Consumer preferences that gravitate towards more nutritional food
(see Natural & Organic Foods Consumption and Health &
Wellness) decrease the appeal of eating at McDonald’s. As these
consumer trends continue to shift towards the mainstream, public
perception of McDonald's becomes increasingly negative. These
changes may climax in lawsuits or media publications like Super
Size Me, which criticizes McDonald’s products for causing obesity,
and Fast Food Nation, which decries McDonald's business
practices. Since McDonald's is the most recognized brand name in
the fast food industry, these negative publicity events have
widespread impact on its brand equity. Furthermore, because
there are many alternatives to fast food (such as cheap dine-in
restaurants, street vendors and convenience stores), the
corporation's sales depend on its ability to maintain its brand name
and attract new customers. The introduction of salads and public
nutrition campaigns are examples of McDonald's efforts to adapt
its business model to changing trends in the market.

[edit] Commodity Costs can Impact Margins


McDonald's earnings are sensitive to prices of commodities such
as beef, corn, cheese and poultry. Since 2005, food prices have
increased substantially, but competition has prevented McDonald's
from passing costs along to customers. Thus, increasing input
prices have come at the expense of margins.
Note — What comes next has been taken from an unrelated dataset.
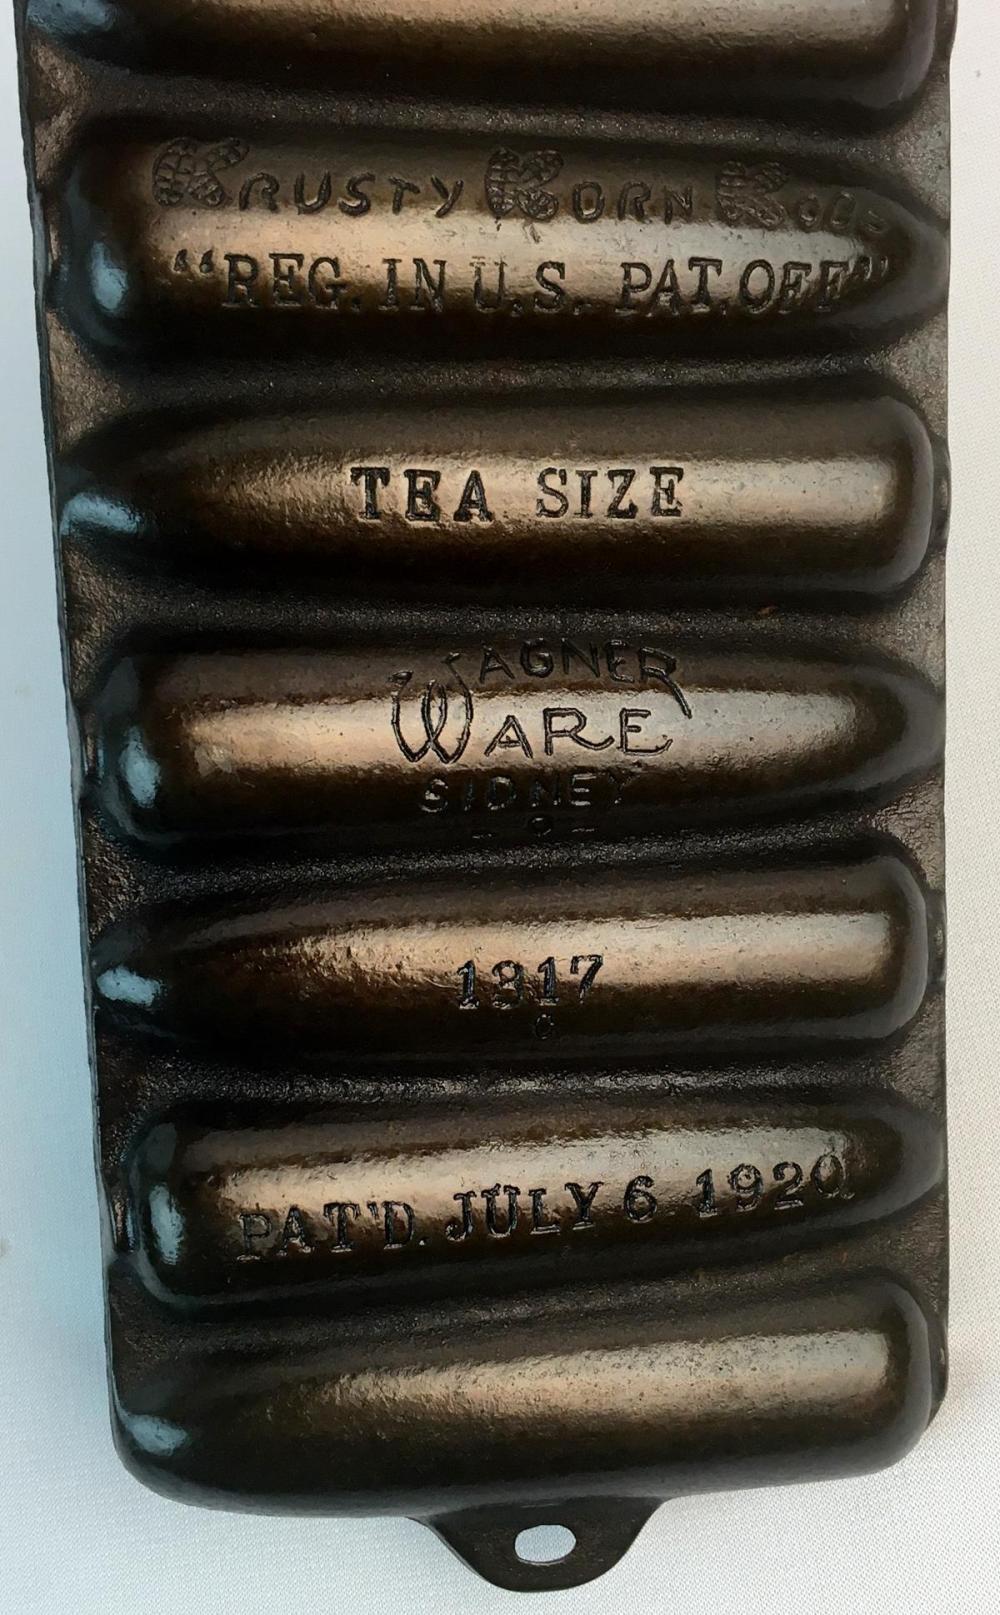 Antique 1920 Wagner Ware Sidney -O- Cast Iron Krusty Korn Kobs Tea Size Corn Bread Pan 1317 C w/ 7 Forms

[edit] Sensitive to the Dollar


McDonald's is also sensitive to the relative strength of the dollar.
Although the company is based in the US, McDonald's does 60%
of its business overseas. As foreign currencies strengthen relative
to the dollar, goods sold in foreign markets are suddenly worth
more dollars back in the US, boosting earnings. On the other hand
a strengthening dollar reduces the value of sales from abroad.

[edit] Competition
Although McDonald's is the clear leader of the fast food industry in
terms of revenues generated and restaurants established, it faces
competition from other fast food chains, which are introducing new
products themselves.

Major direct competitors in the (hamburger-based) fast food


industry include:

 Burger King Holdings is the second largest hamburger fast food


chain. Although more of Burger King’s restaurants are
franchised than McDonald’s restaurants, Burger King franchise
revenues trail behind that of its competitor, mainly due to the
McDonald’s size advantage.
 Wendy's is the third largest hamburger fast food chain. It has a
lower operating margin that McDonald’s, so it is likely to be
more negatively impacted during a recession.
 Yum! Brands runs Kentucky Fried Chicken, Taco Bell, Pizza
Hut, Long John Silver’s, and A&W All-American Food
Restaurants. Currently, Yum! brands are dominating the China
market, posing a challenge to McDonald's attempts to enter the
market. While McDonald’s Corporation focuses on its flagship
brand, Yum! splits its resources among a wide variety of
restaurants.

In addition to the above competitors, McDonald’s also competes


with non-hamburger-based fast food restaurants (such as Panera
Bread Company (PNRA), Panda Express and Qdoba), local and
national dine-in restaurants (such as Red Robin’s and Shari’s),
pizza parlors, coffee shops (Starbucks), street vendors,
convenience stores and supermarkets.
[edit] Market Share
The major players in the fast-food market, which generates around
$120B[20] in annual revenues, are: Domino's, Inc.[21], Burger King
Corporation[22], Wendy's International, Inc.[23], Jack in the Box,
Inc.[24], Yum! Brands, Inc.[25], Doctor's Associates, Inc.[26], and
McDonald's Corporation[27]. As can be seen, the fast food industry
is somewhat fragmented. The seven major competitors only
account for 45% of total revenues.
The Fast Food Hamburger Restaurant industry, on the other hand,
is dominated by McDonald's, who possesses approximately 90%
of the market share for this component. The FFHR is a $67 billion
segment. Burger King is second behind McDonalds with a 4%
share of the segment. The QSR segment and FFHR category are
extremely competitive because each FFHR restaurant offers
similar menus and prices.

McDonald's is first in the Fast Food Hamburger Restaurant


category for revenue followed by Burger King and then Wendy's.[28]